Features and measures for speaker recognition

Scope and method of study. This work derives and demonstrates new and powerful features and measures for automatic speaker recognition and compares them with traditional ones. Automatic speaker recognition is the use of a machine to recognize a person from a spoken phrase. Speaker recognition systems can identify a particular person or verify a person's claimed identity. The scope of this study is limited to speech collected from cooperative users in office environments and without adverse microphone or channel impairments. The success of these systems depends directly upon the power of the features and measures used to discriminate among people. The focus of this research is to discover powerful features and measures for speaker verification. After a thorough literature review, concepts were synthesized from such diverse fields as signal processing, information theory, pattern recognition, physiology, and speech production and perception. The most promising innovations were then compared analytically and by computer simulation. Findings and conclusions. New perceptually based features were found which, unfortunately, did not outperform traditional speech production features with respect to speaker identification errors.

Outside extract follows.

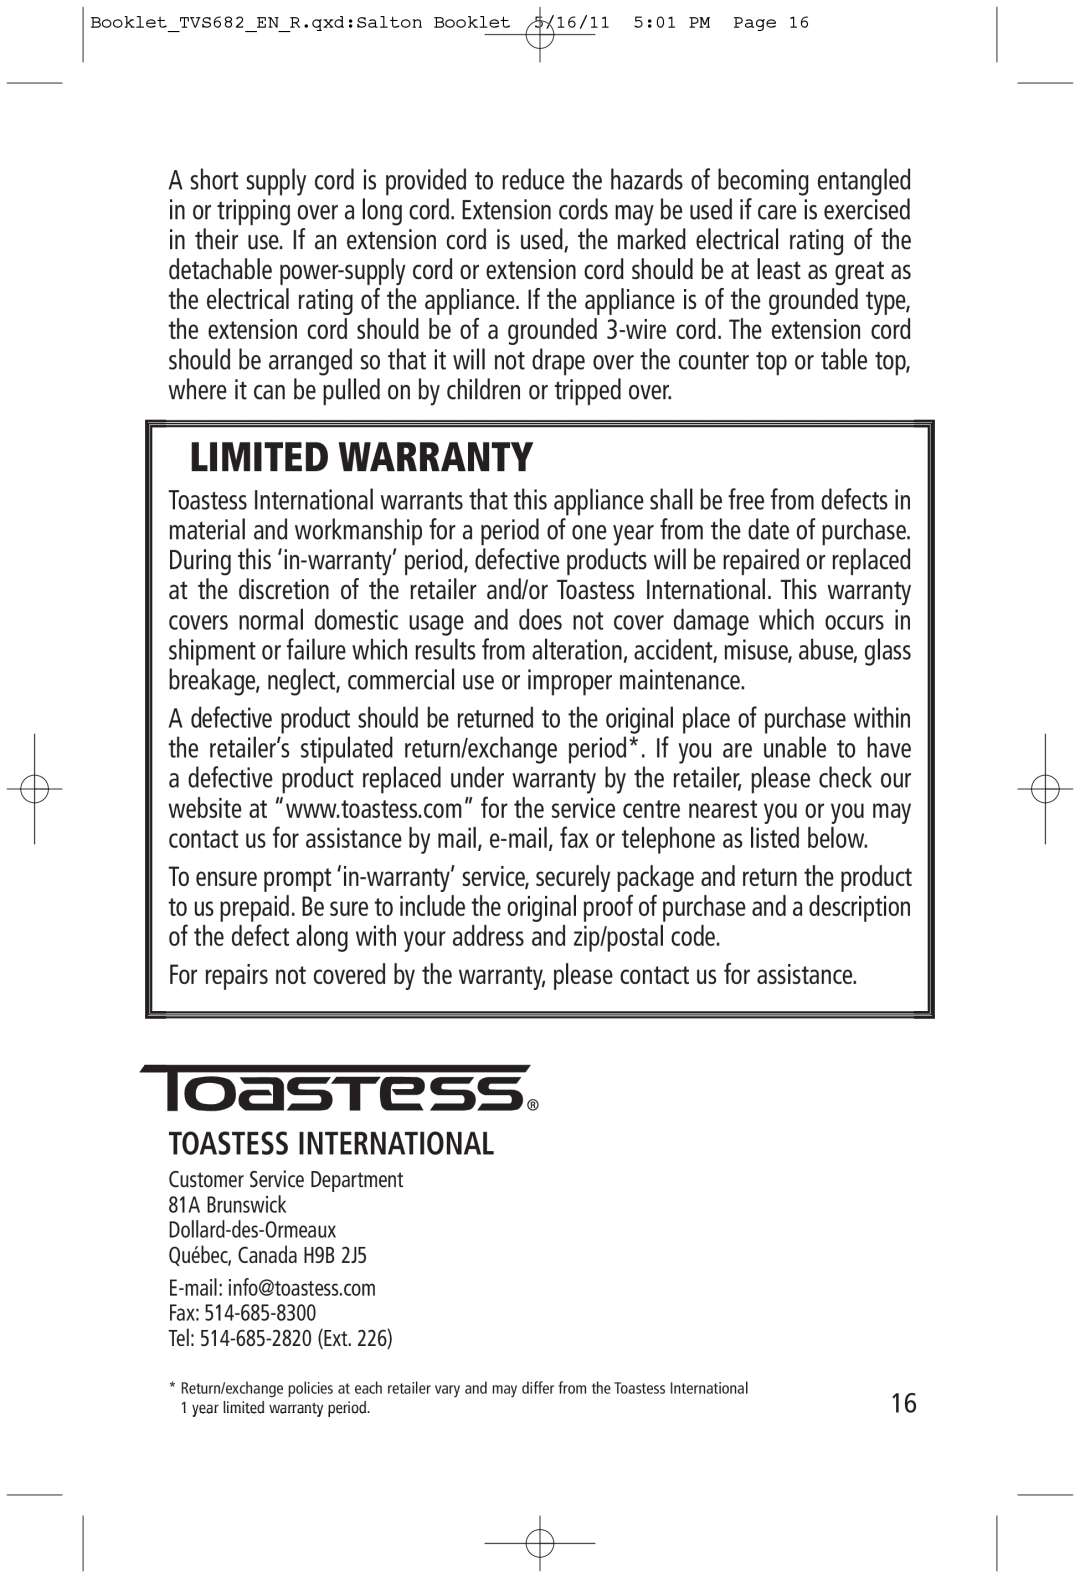 Toastess TVS682 manual Toastess International, Limited Warranty 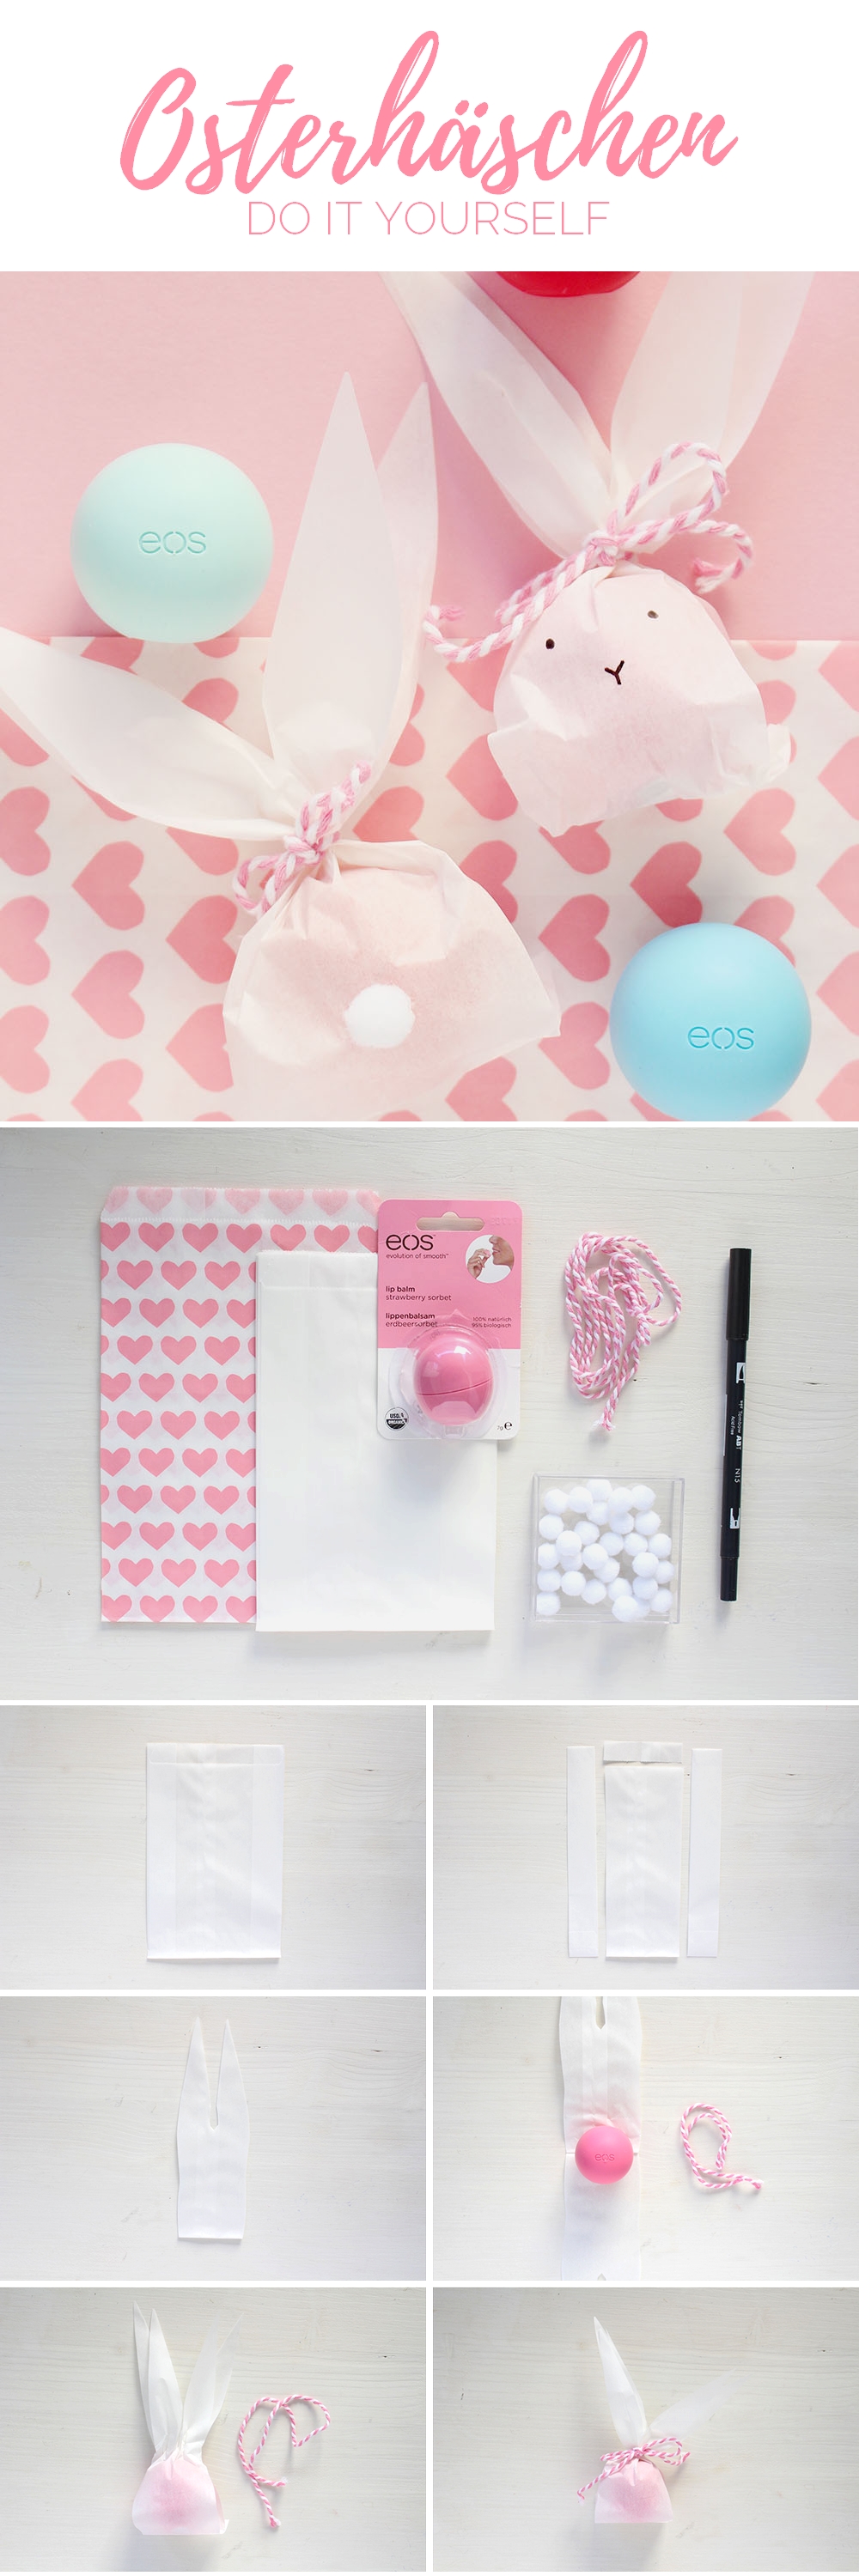 DIY: Süße Osterhäschen Geschenkverpackung mit eos Lippenbalsam

Powerful new production features and measures for speaker verification were discovered. The main contribution is a new information theoretic shape measure between line spectrum pair (LSP) frequency features. This new measure, the divergence shape, can be interpreted geometrically as the shape of an information theoretic measure called divergence. The LSPs were found to be very effective features in this divergence shape measure. The experimental results show this combination yields 0.05% speaker identification error, which is superior by over an order of magnitude to the performance of any other claim reported in the literature.